The Project is structured in three Phases. Phase 1 consists of reviewing and analysing existing literature, theories, and data to comprehend and ascertain the livelihood capacities, assets, and opportunities that individuals face in Lebanon. This review included an in-depth analysis of labour laws, academic literature and relevant data collected from various sources. In addition to that, extensive focus groups have been conducted in the two fieldwork sites (August-October 2020) with representative participants to acquire more in-depth knowledge and qualitative information regarding employment challenges and opportunities.

 

The main part of the project, Phase 2, included the simultaneous design, implementation, and analysis of two Discrete Choice Experiments (DCEs) on employers and workers. The DCE was carefully designed to reflect through its attributes and choice sets the characteristics, challenges, and opportunities of the labour markets in the Lebanese context. The DCE was conducted by the team and citizen scientists (CS) in Spring 2021 in neighbourhoods of two major cities in Lebanon, Ras Beirut (Beirut) and Mina (Tripoli). More than 2.000 surveys were collected for both experiments and their analyses will shed light on citizens’ and employers’ willingness to pay for formal labour arrangements. Preliminary results show that the severe financial and social crisis that Lebanon is facing since 2019, has made both groups very inelastic towards formality, significantly raising the proportion of individuals in informal and atypical labour.


One of the main innovations of this project is that the mapping and modelling of individuals’ employment choices is not solely limited to the previous two Phases but also dynamically enhanced by Phase 3 the development of an agent-based model (ABM) that builds on the revealed preferences of the DCE and existing data.

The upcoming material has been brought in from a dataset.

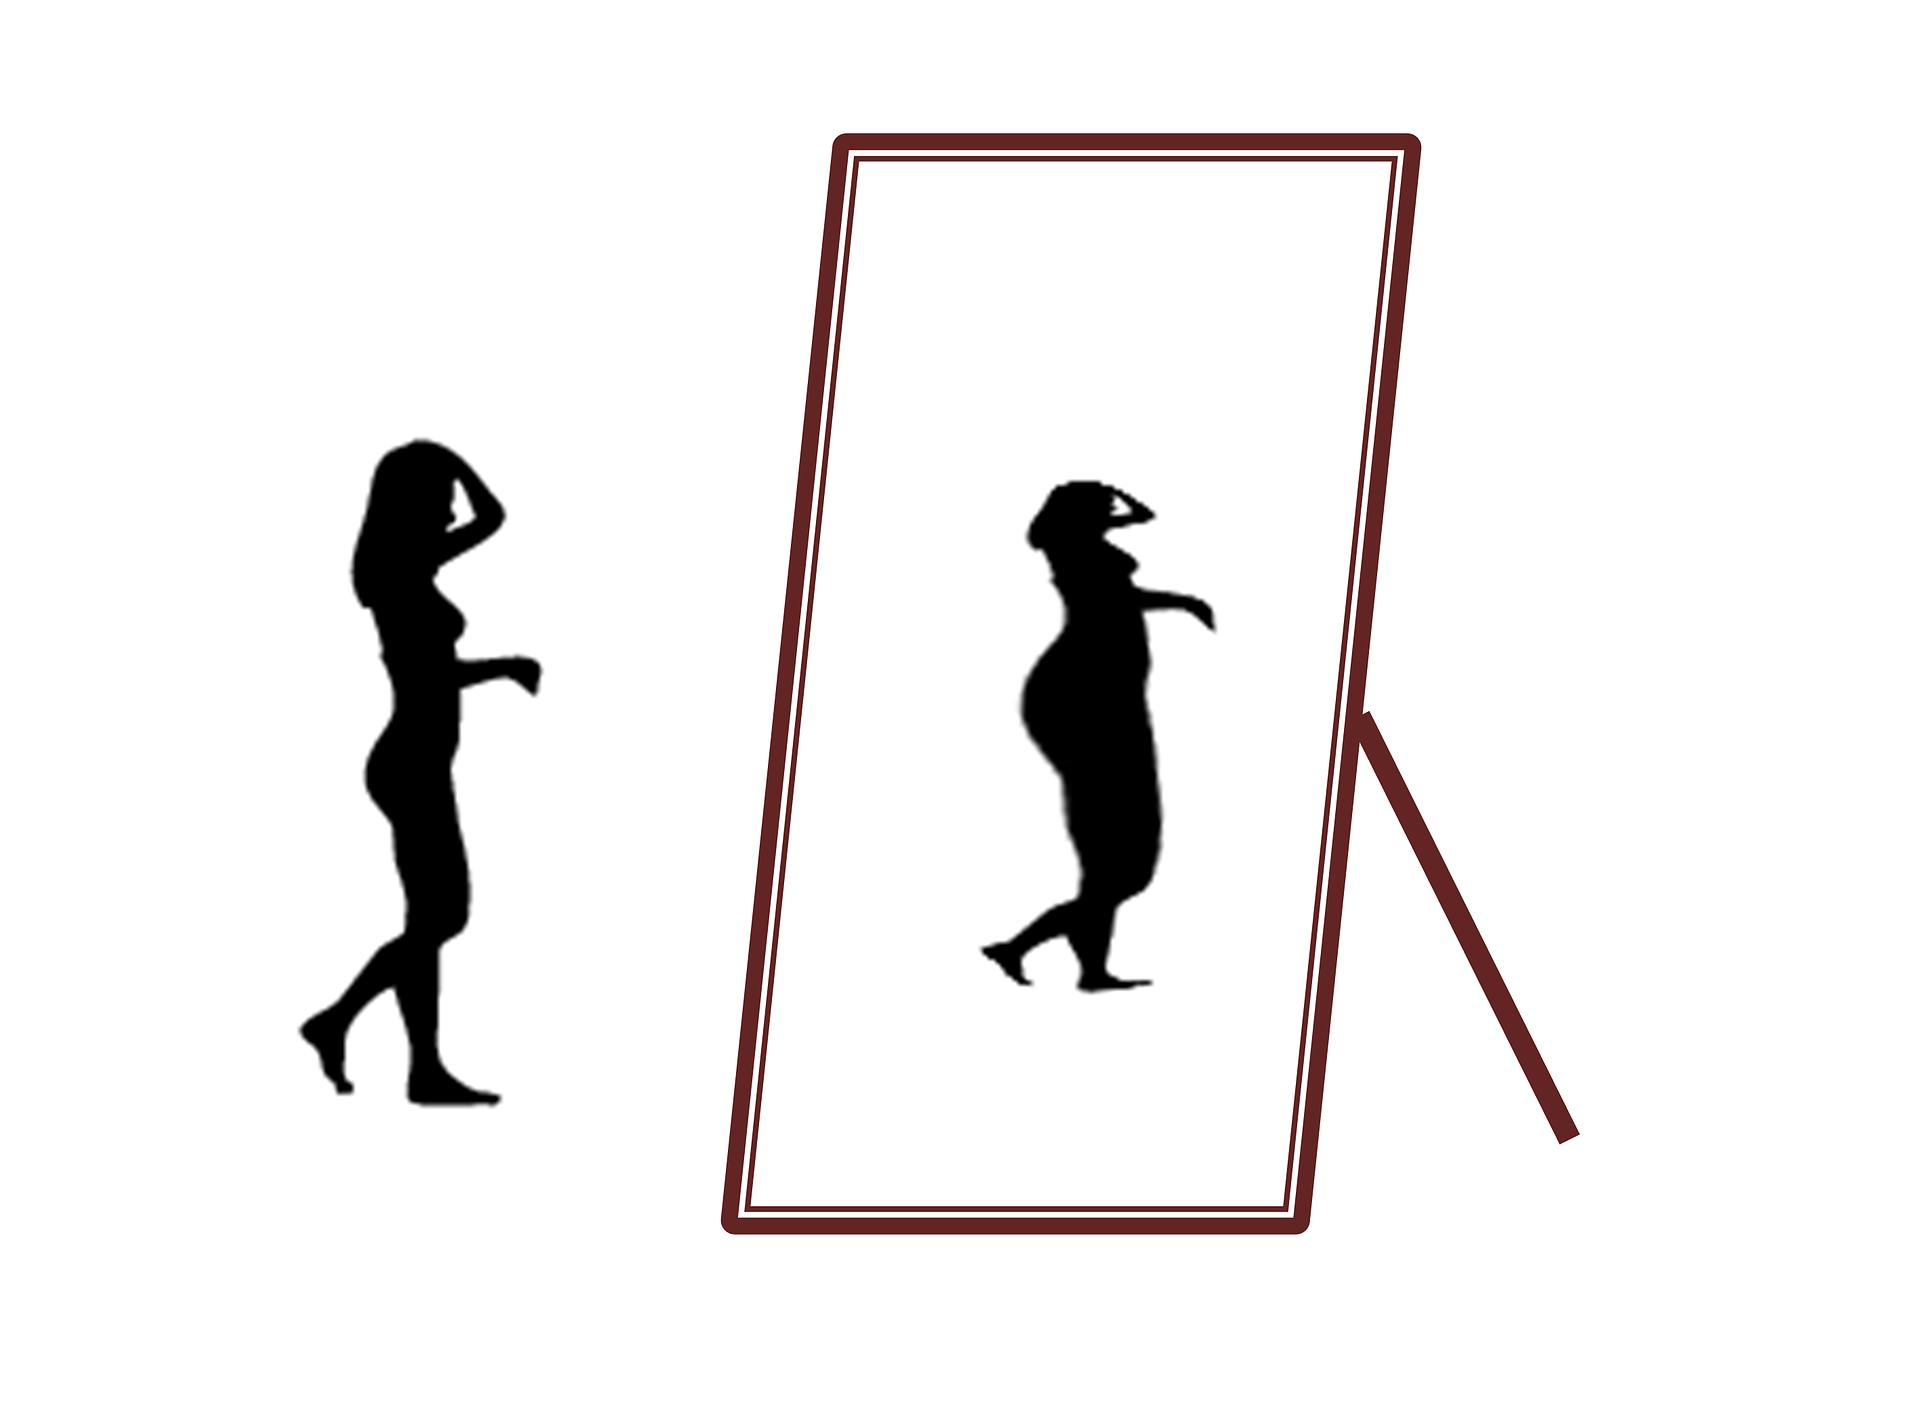 Trastornos de la conducta alimentaria: La anorexia y la bulimia
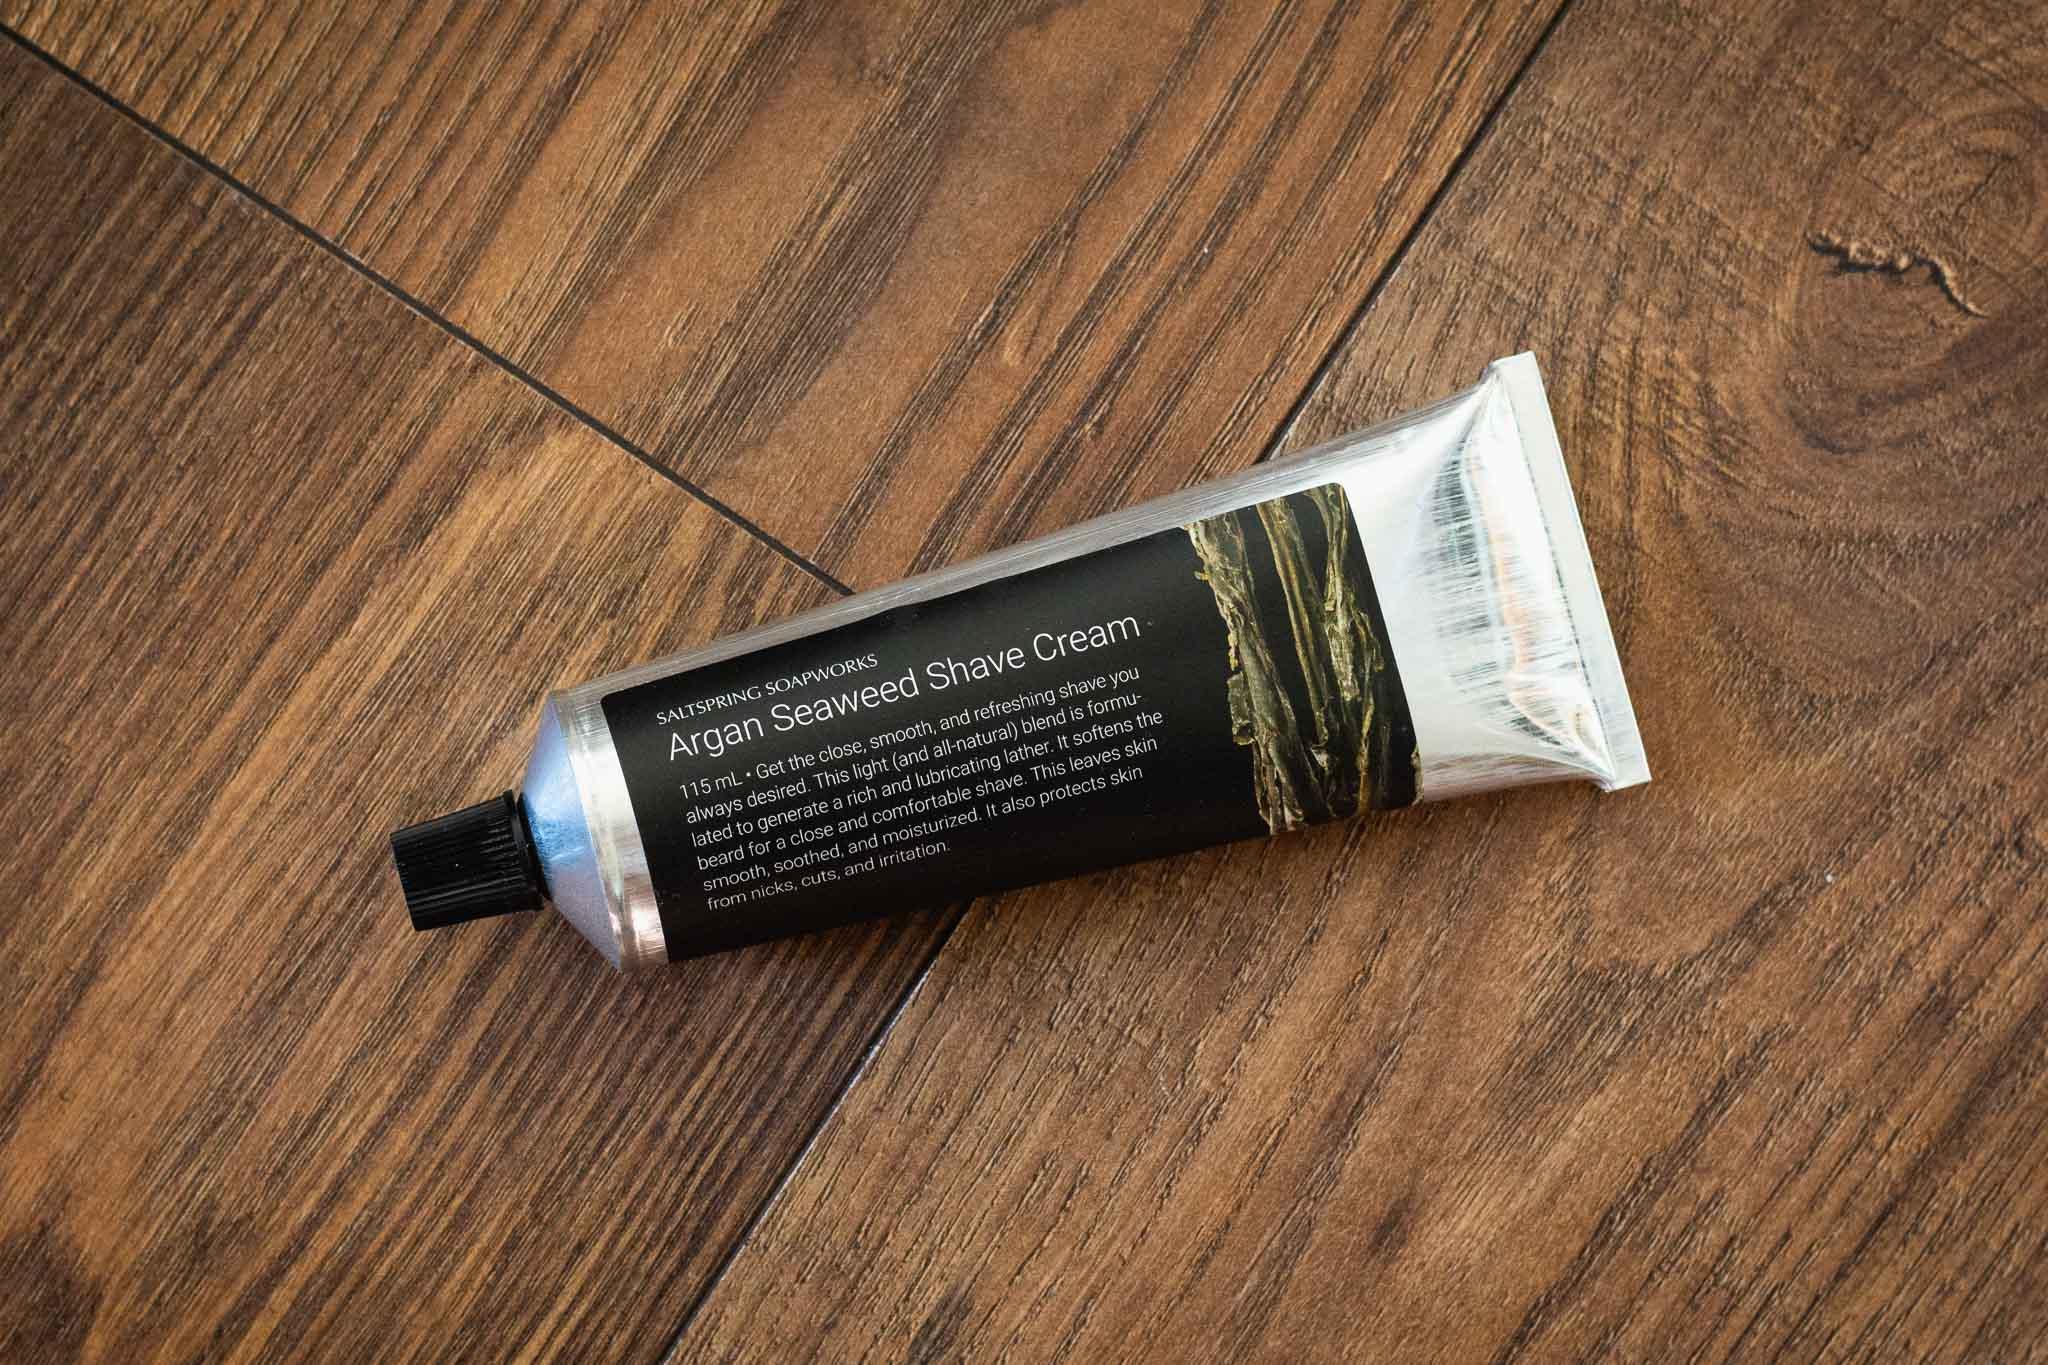 Argan Seaweed Shave Cream by Saltspring Soapworks

The model aims to simulate the formal/informal aspect of job markets in the Lebanese context and test interventions/policies aimed at improving workers economic situation (through scenarios/sensitivity analysis). More precisely, the ABM model will build and expand on the DCE in order to map interrelations of different outcomes- including feedbacks between agents, markets - choices are not only at the individual level. For example, choices that are constrained because one market is flooded driving individuals and businesses to change preferences between formality and informality.